KRLD expanded into FM radio in 1948 with the original KRLD-FM 92.5 (now KZPS).  The following year, it added a TV station, KRLD-TV Channel 4 (now KDFW).

For most of the 1960s and 1970s, KRLD ran blocks of different local programming, including middle of the road and country music, with some news and talk.  In April 1978, KRLD switched from a music-based format to become, at the time, the third news and information station in Dallas/Fort Worth.

KRLD originally broadcast from the Adolphus Hotel in Dallas and for a time had its main studios in Arlington, Texas, at Ameriquest Field, now known as Globe Life Park in Arlington. In the summer of 2005, the station moved operations to a 5th floor office at the southwest corner of North Fitzhugh Avenue and Central Expressway in Dallas.

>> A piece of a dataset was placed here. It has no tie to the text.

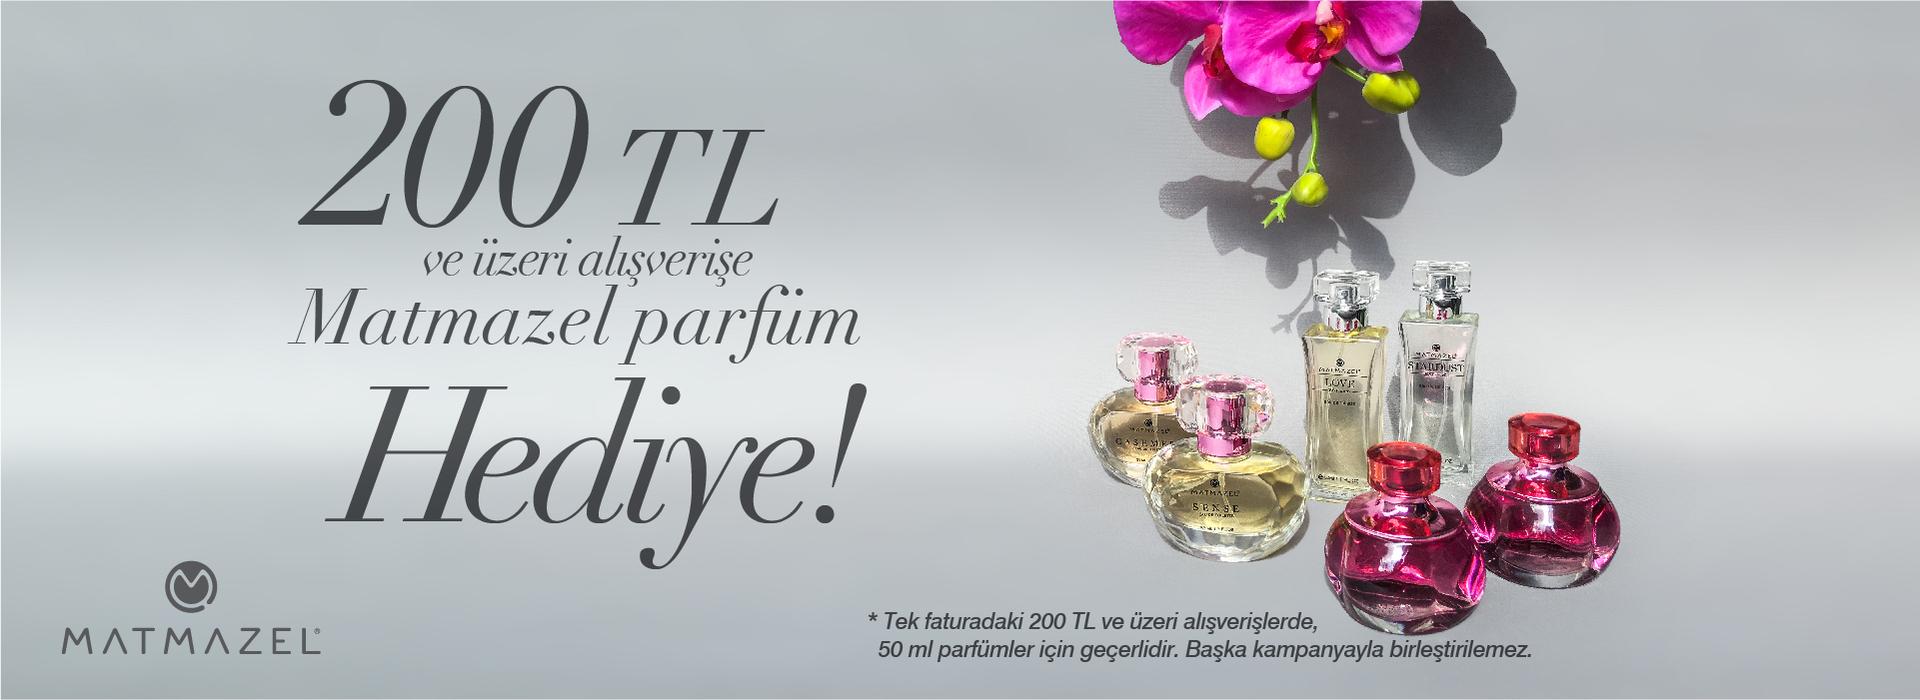 Matmazel - 200 TL ve Üzeri Alışverişe Matmazel Parfüm Hediye …

KRLD achieved several firsts in the field of radio broadcasting: 
first station to present live broadcasts of high school and college football games.
first to offer continuous election returns.
first to broadcast live music and entertainment programs.  The Big D Jamboree, which originated from the since-demolished Dallas Sportatorium, was a regular Saturday fixture on KRLD in the 1950s and 1960s. KRLD also aired wrestling matches from the Sportatorium, with longtime sportscaster Bill Mercer calling the action.

History books dispute whether KRLD, KDKA in Pittsburgh, or WEAF in New York (today WFAN) was the first station to broadcast commercial announcements on radio.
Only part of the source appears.